On June 27, 2013, the Governor signed the FY2013-14 state budget, which included an agreement between the state and the counties regarding the redirection of health realignment funds to the state. All counties are subject to the agreement, but the agreement varies depending on whether the county is a County Medical Services Program (CMSP) county, a payer/contract county, or a public hospital system county. This summary focuses on aspects of the agreement related to public hospital system counties.
Passage of the realignment agreement was critical to the successful expansion of the Medi-Cal program to low-income adults in California, as permitted by the Affordable Care Act (ACA). Under the rationale that counties will see their obligations to the uninsured reduced as people gain coverage through Medi-Cal or Covered California, the Governor made the Medi-Cal expansion conditional on returning to the state a portion of the funds historically used to support care to the uninsured.

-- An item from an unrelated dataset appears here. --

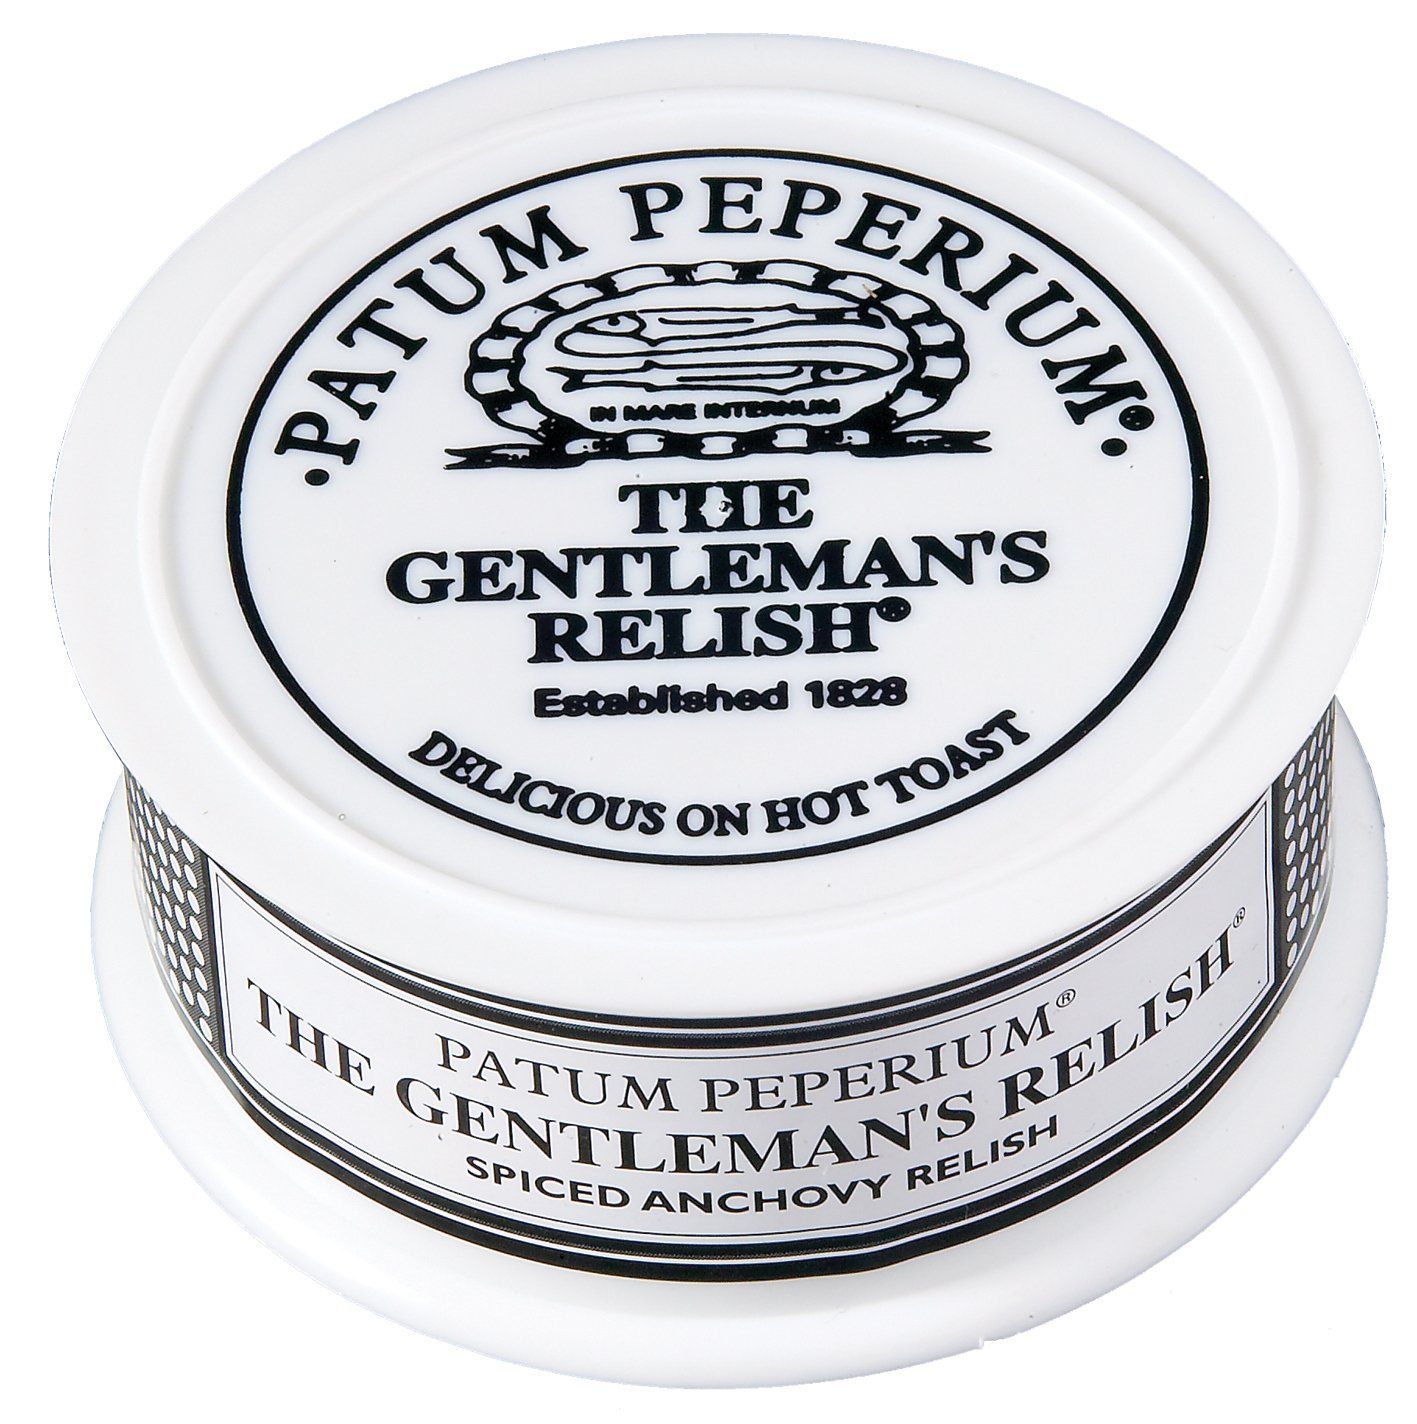 Patum Peperium Gentlemans Relish Pates
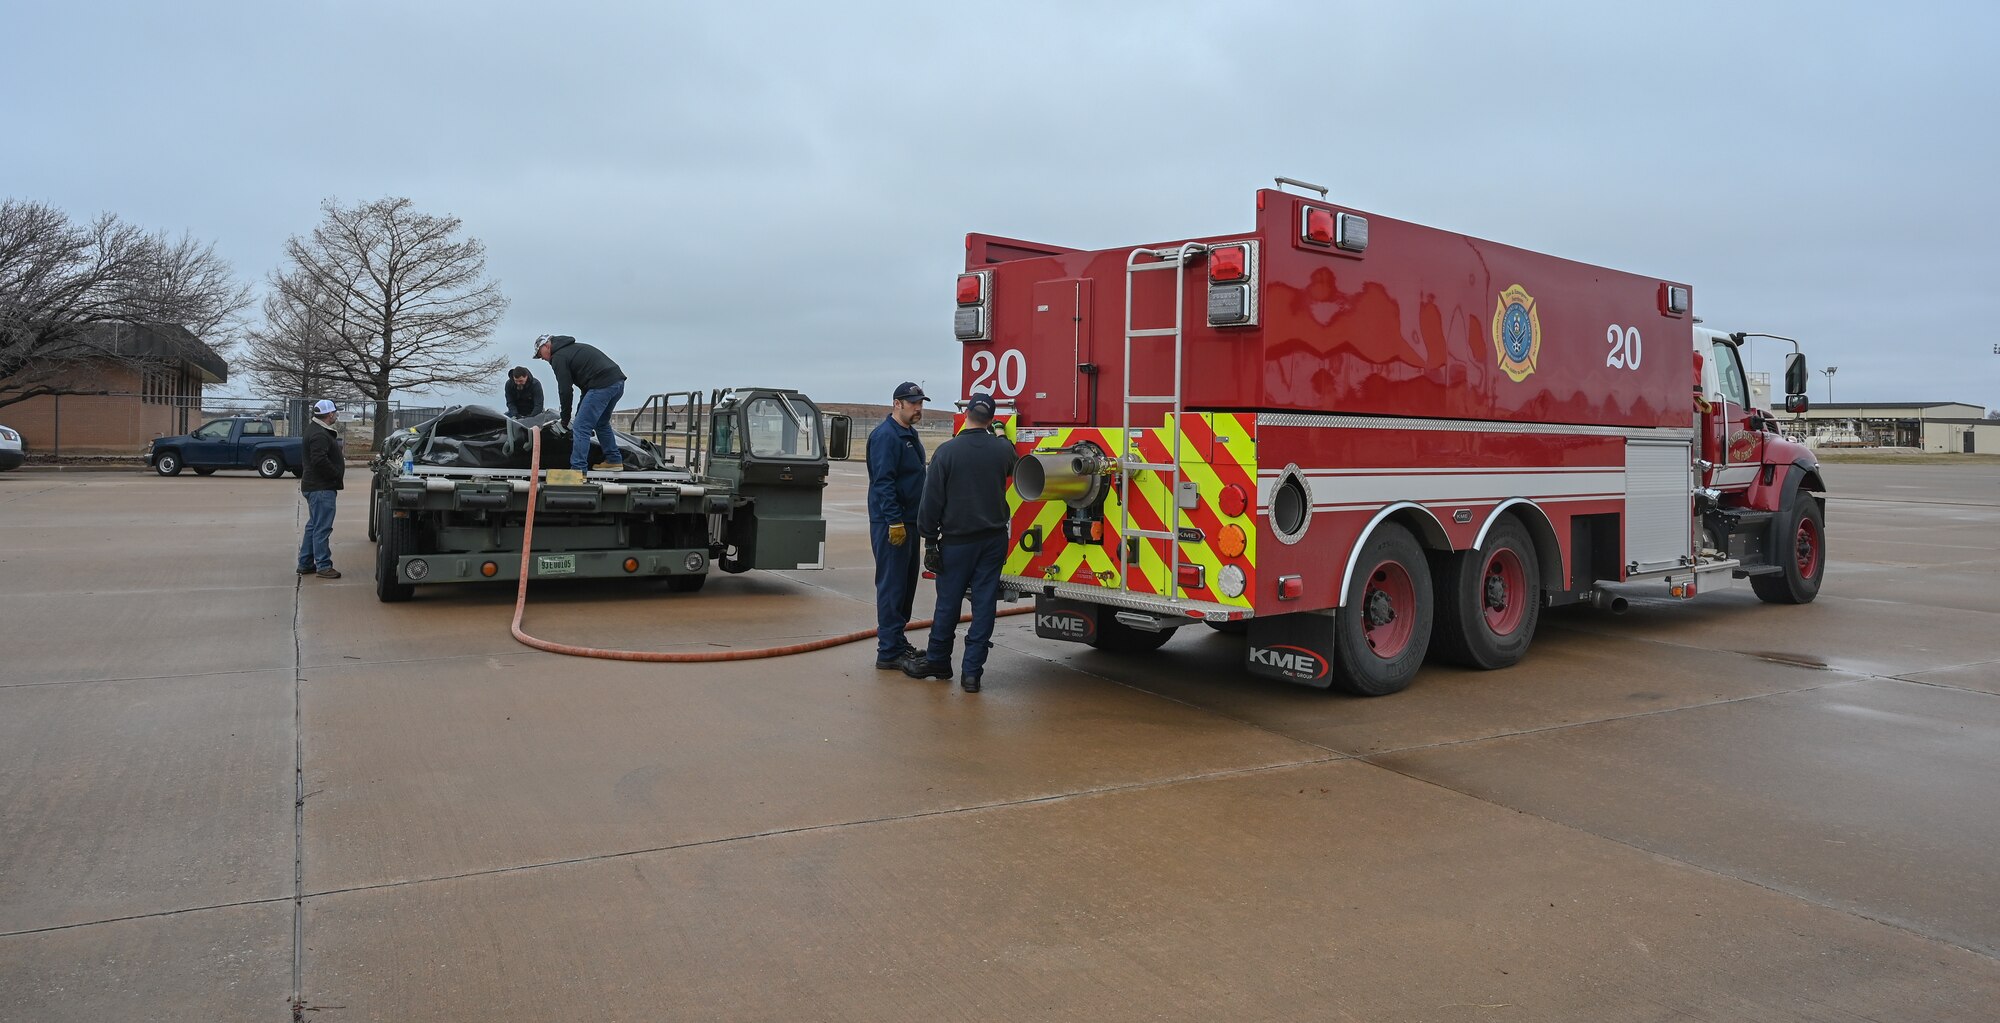 A firetruck pumps water into a fuel bladder

Pre-determining the exact impact of reform was extremely difficult, and it was therefore essential that the final legislation permit counties to base the amount of realignment to be redirected on actual experience, using a formula agreed upon between the state and counties.
Based on that agreement, there is an annual process that public health care systems go through to estimates the amount of redirection that will occur. Preliminary estimates are included in the state budget for the upcoming year, with interim amounts withheld through the year, and then the counties and the state settle up after the fact based on actual experience. CAPH works closely with DHCS and the state to ensure the accuracy of the calculations each year.